Verastem Oncology's New Drug Application (NDA) for the combination of avutometinib and defactinib has been granted Priority Review by the U.S. Food and Drug Administration (FDA) for the treatment of adult patients with recurrent KRAS mutant low-grade serous ovarian cancer (LGSOC). This regulatory milestone brings hope to patients with this rare and challenging cancer, as there are currently no FDA-approved treatments specifically for LGSOC. The FDA has set a Prescription Drug User Fee Act (PDUFA) target action date of June 30, 2025.
Targeting RAF/MEK and FAK Pathways
Avutometinib, an oral RAF/MEK clamp, potentially inhibits MEK1/2 kinase activities and induces inactive complexes of MEK with ARAF, BRAF, and CRAF, potentially creating a more complete and durable anti-tumor response through maximal RAS/MAPK pathway inhibition. Defactinib is an oral, selective inhibitor of focal adhesion kinase (FAK). The combination of these two agents targets critical signaling pathways involved in cancer cell survival and tumor growth.
RAMP 201 Trial Results
The NDA submission is based on data from the Phase 2 RAMP 201 clinical trial (NCT04625270), an adaptive, two-part multicenter, randomized, open-label study. The trial evaluated the efficacy and safety of avutometinib alone and in combination with defactinib in patients with recurrent LGSOC. Results presented at the International Gynecologic Cancer Society (IGCS) Annual Global Meeting in October 2024 demonstrated a substantial overall response rate (ORR) with the combination therapy.

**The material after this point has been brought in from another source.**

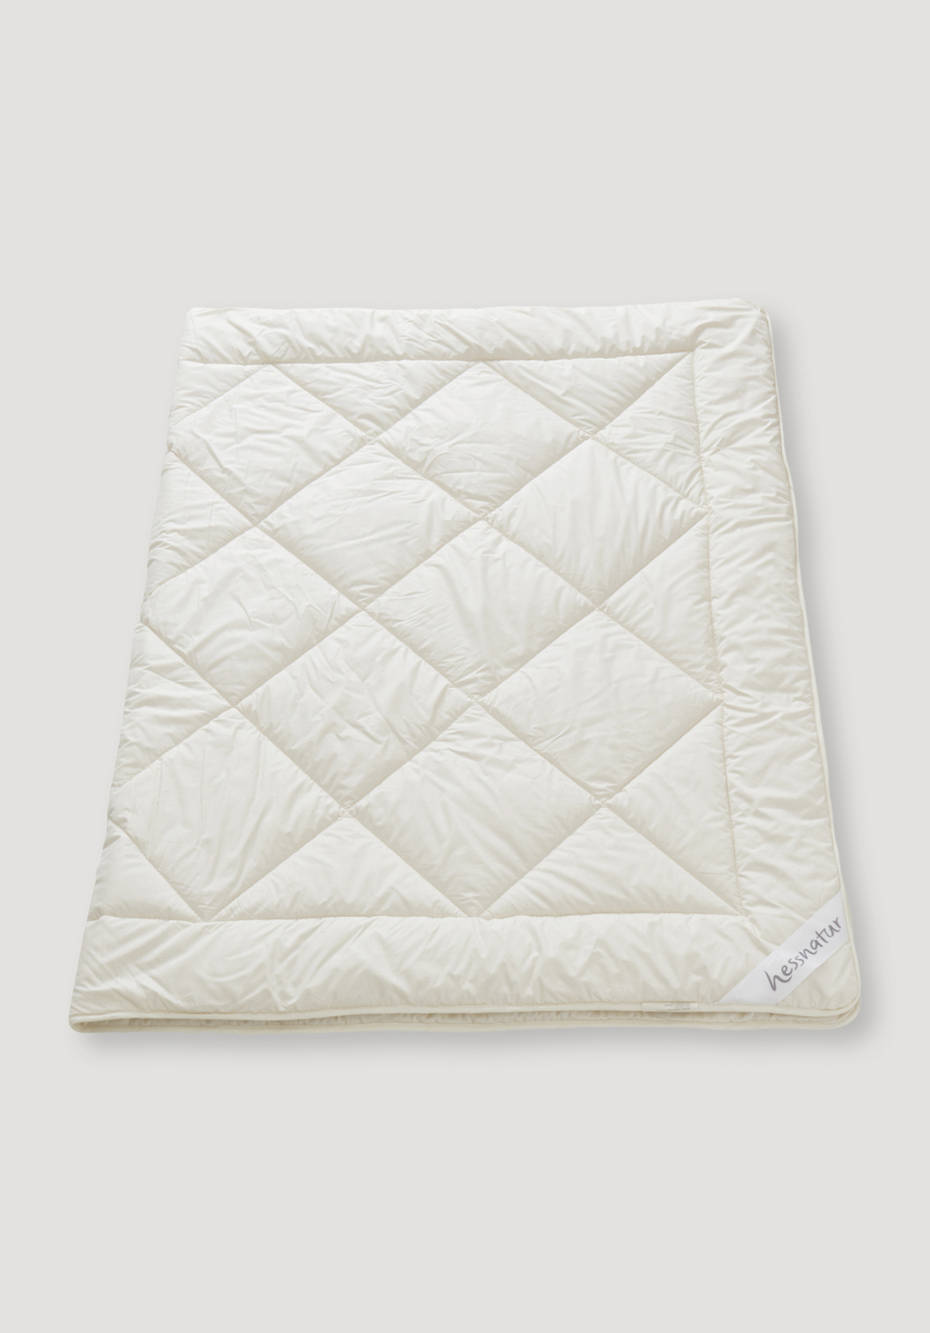 Duo blanket made of pure organic cotton
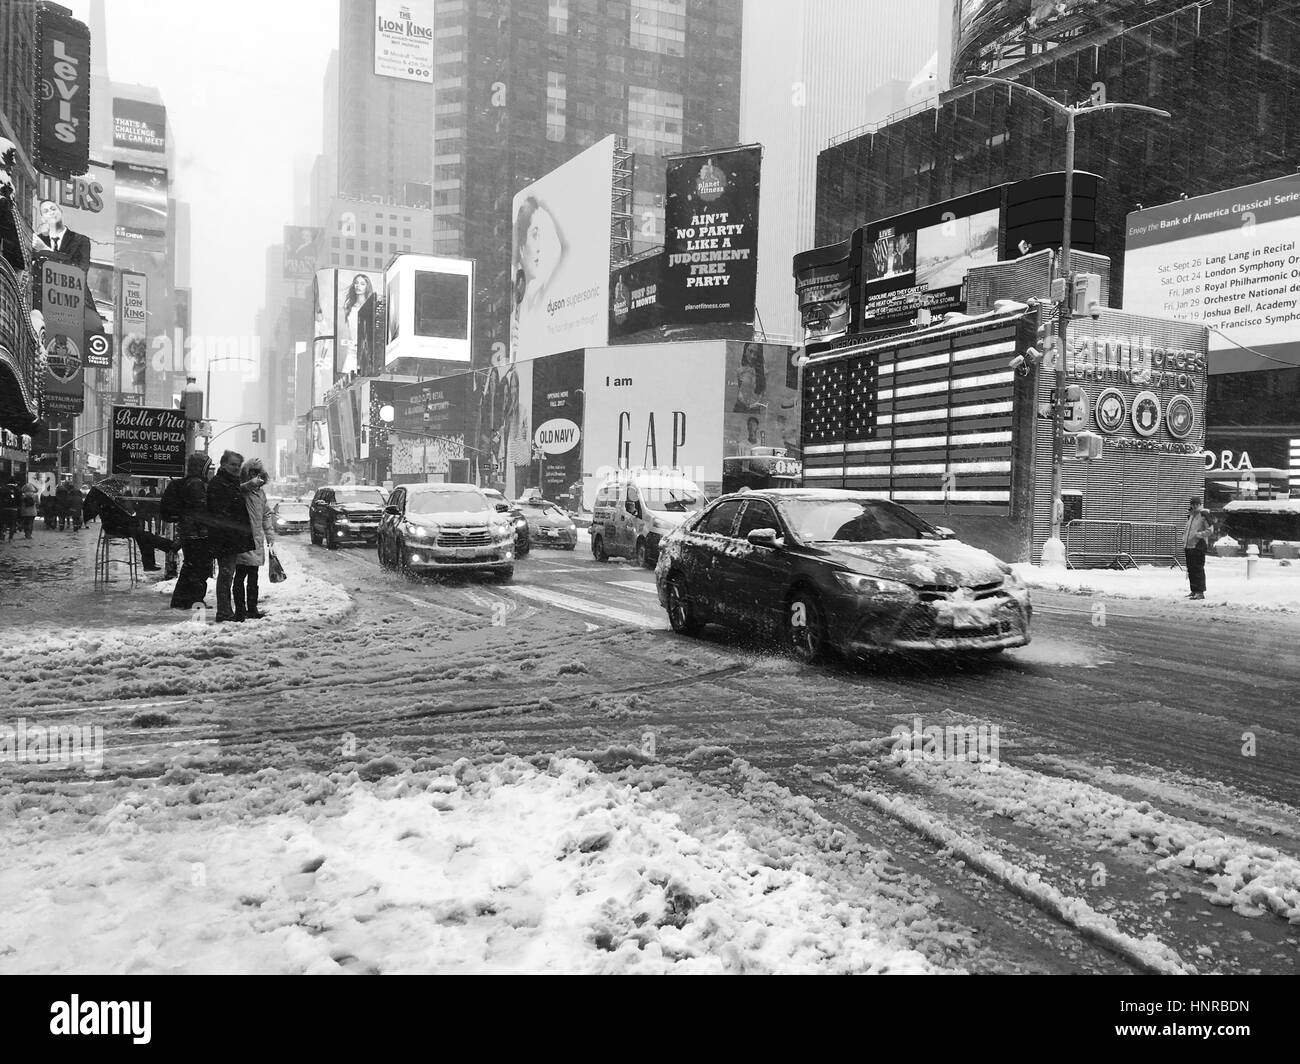 Snow storm united states Black and White Stock Photos & Images - Alamy

In the primary analysis, the combination of avutometinib plus defactinib resulted in a confirmed ORR of 31% (95% CI, 23%-41%) in all evaluable patients with measurable disease (n = 109). Notably, in patients with KRAS-mutated disease, the confirmed ORR was 44% (n = 25/57; 95% CI, 31%-58%). The median duration of response (DOR) was 31.1 months (95% CI, 14.8-31.1) in all evaluable patients and in patients with KRAS-mutant disease. The combination was generally well-tolerated, with 10% of patients discontinuing treatment due to adverse effects (AEs).
Unmet Need in LGSOC
Low-grade serous ovarian cancer (LGSOC) is a rare and distinct type of ovarian cancer, affecting approximately 6,000-8,000 women in the U.S. and 80,000 worldwide. LGSOC is distinct from high-grade serous ovarian cancer (HGSOC) in its biology and response to treatment. It is highly recurrent and less sensitive to chemotherapy compared to HGSOC. The current standard of care includes hormone therapy and chemotherapy, but there are no FDA-approved treatments specifically for LGSOC.
Ongoing RAMP 301 Trial
Verastem Oncology is currently enrolling patients with recurrent LGSOC, regardless of KRAS mutation status, in the international Phase 3 RAMP 301 trial (NCT06072781). This trial will serve as a confirmatory study for the initial indication and has the potential to support an expanded indication regardless of KRAS mutation status.
Potential Impact
If approved, the combination of avutometinib and defactinib would be the first FDA-approved treatment specifically for adults with recurrent KRAS mutant LGSOC. This would represent a significant advancement in the treatment of this rare and challenging cancer, providing a much-needed targeted therapy option for patients with limited treatment alternatives. The FDA's decision is expected by June 30, 2025.